Why this considerate conduct by insurance companies, you might ask? Because, if the insured claimant is successful in receiving disability benefits from Social Security, the insurer is fully reimbursed from the first SSDI monies received for prior payments it has already made to claimant and, is an offset against future benefits.

What is so unfair about these disability policy “claw back” provisions is that the insurer usually disregards the SSDI judgment in defending its denial of policy benefits to its own insured without considering in any way the SSDI decision. This is a common practice and should be dealt with as sternly as the California District Court did in Austin.

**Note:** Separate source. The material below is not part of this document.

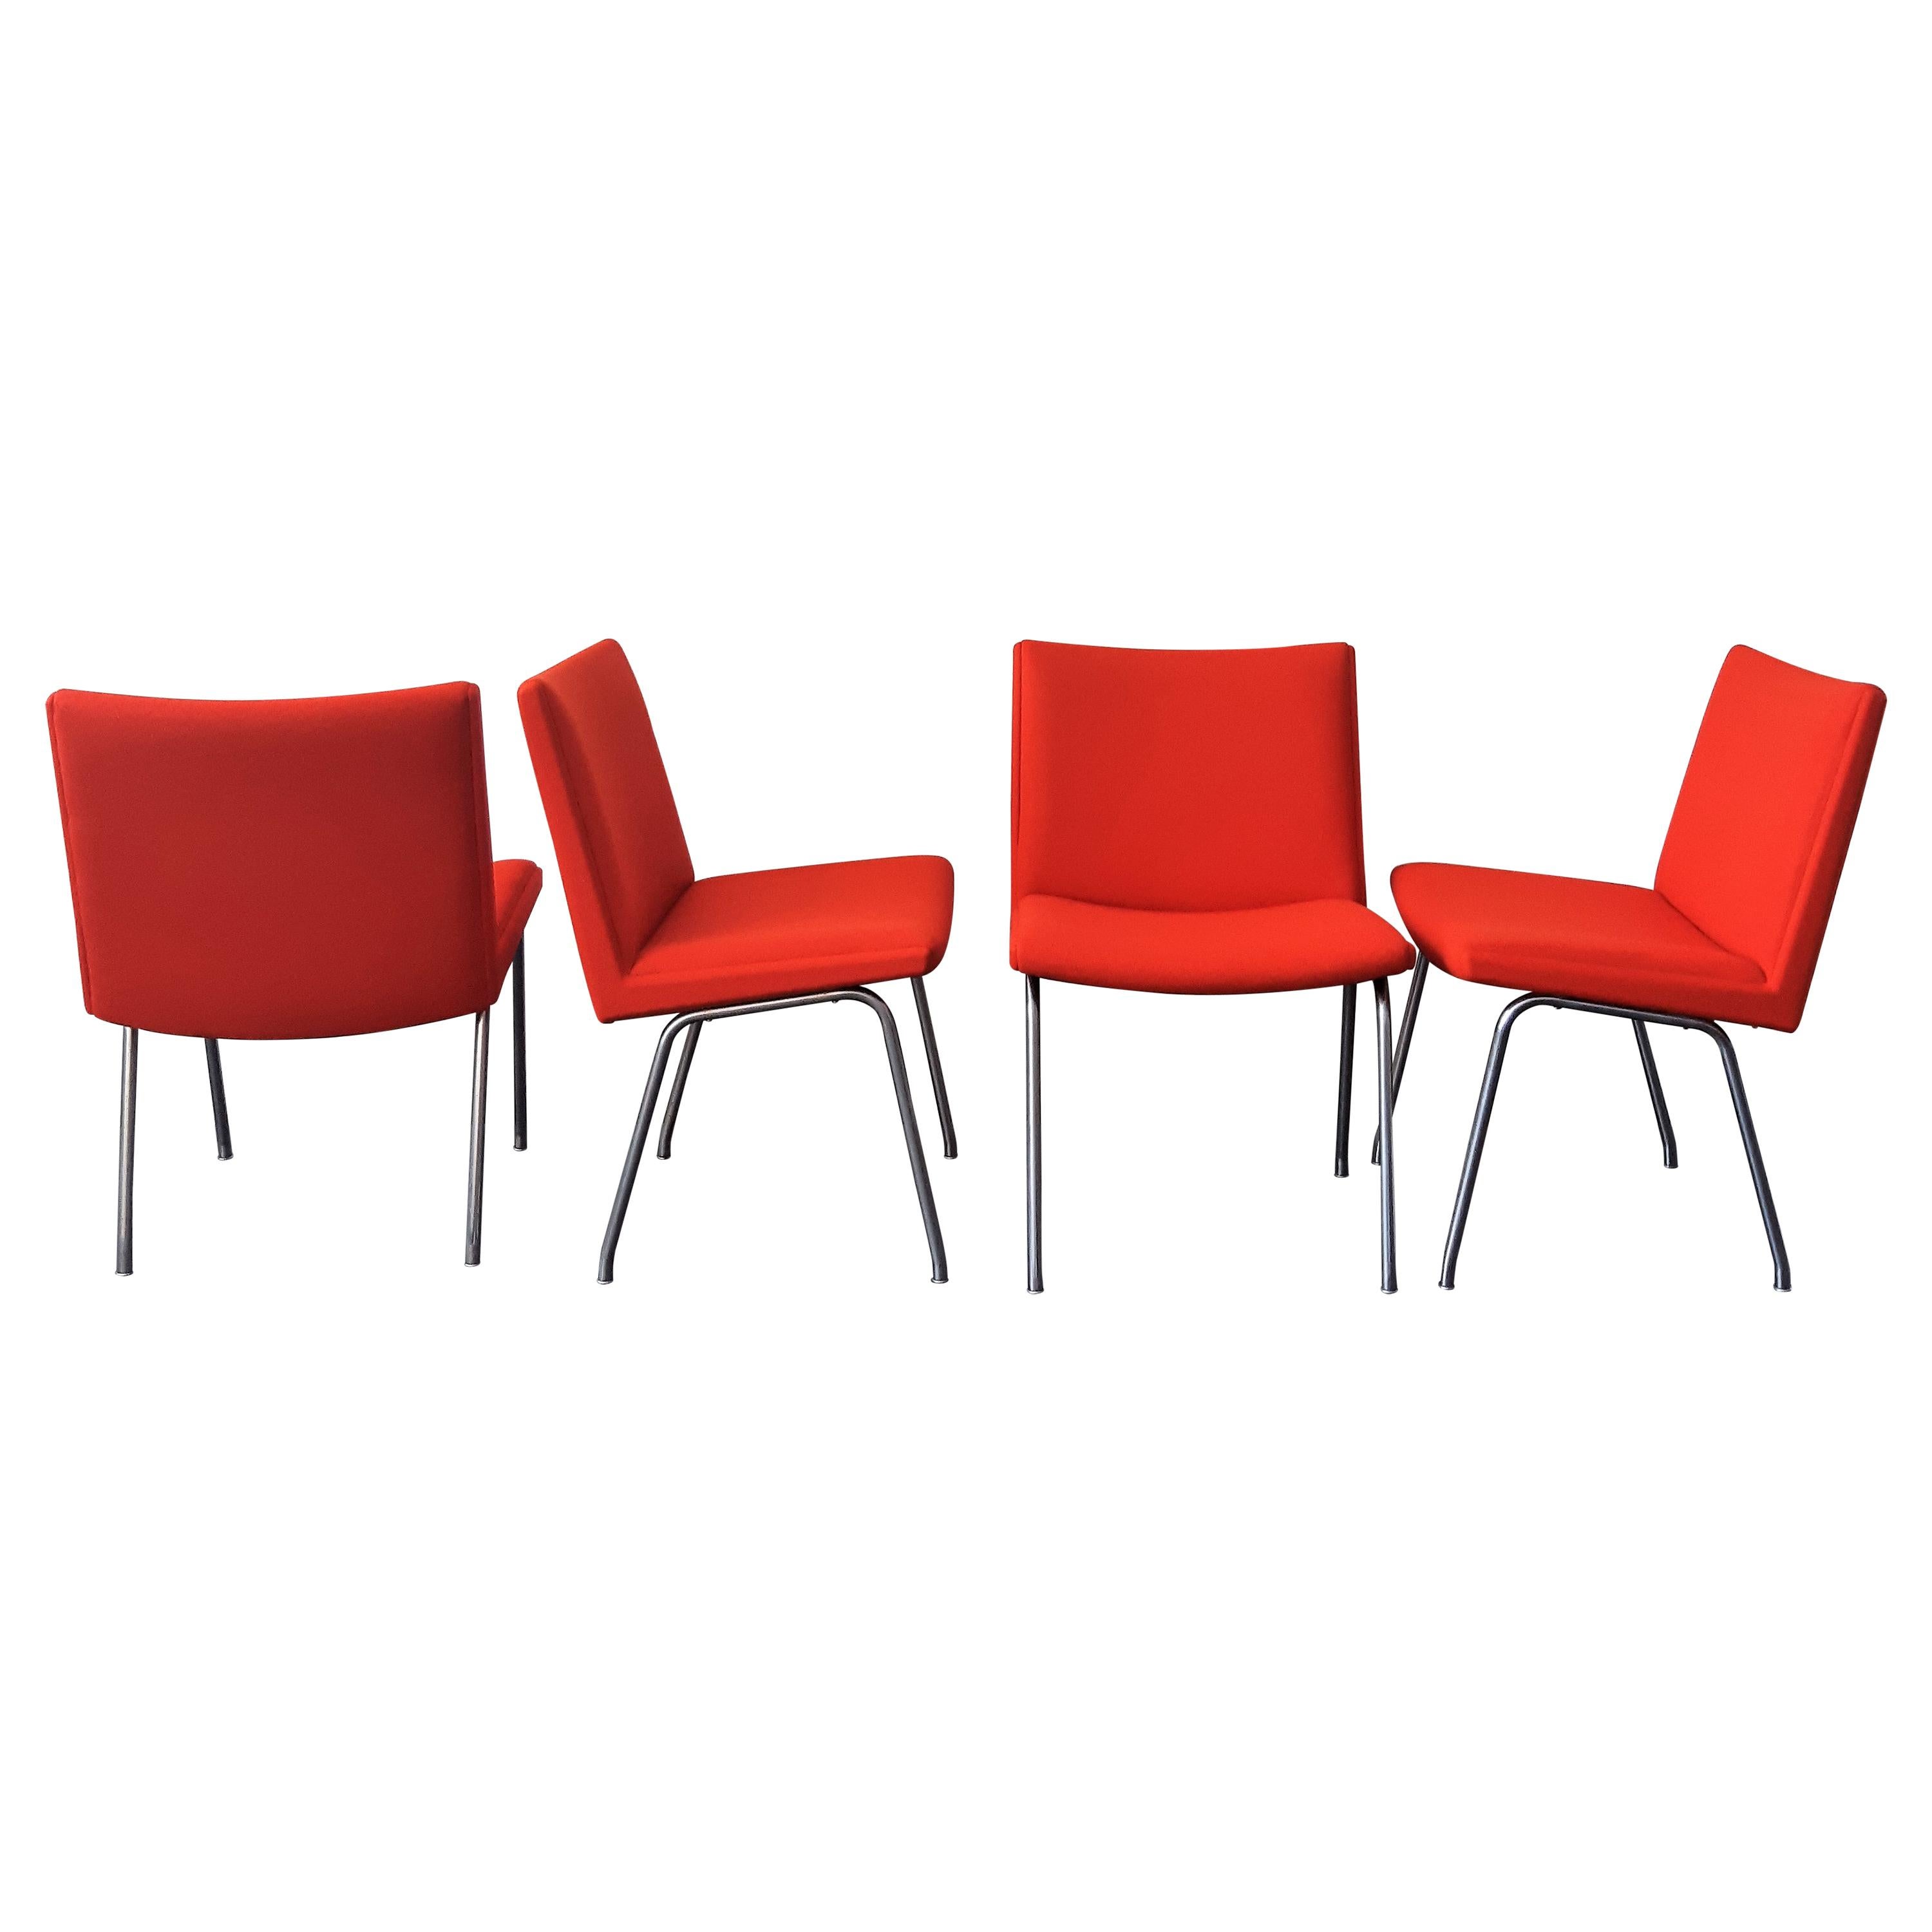 Set of 4 Model Airport Dining Chairs by Hans Wegner for AP Stolen, Denmark

As those who practice in the SSDI world know, a claimant has no walk in the park when pressing a claim for benefits. SSDI judges require convincing proof of disability before they make long term awards. And, once such an award is made, it should be carefully considered by a private insurer in determining a claimant’s case for long term benefits under the terms of its policy.

An SSDI ruling is not res judicata in an ERISA matter. The policy language, procedural matters and a truly different determination by the insurer’s medical experts may affect the decision. But, what must be required by all judges in support of the insurer’s decision, is a reasoned denial, citing the basis for differentiating between the SSDI ruling and the private insurer denial.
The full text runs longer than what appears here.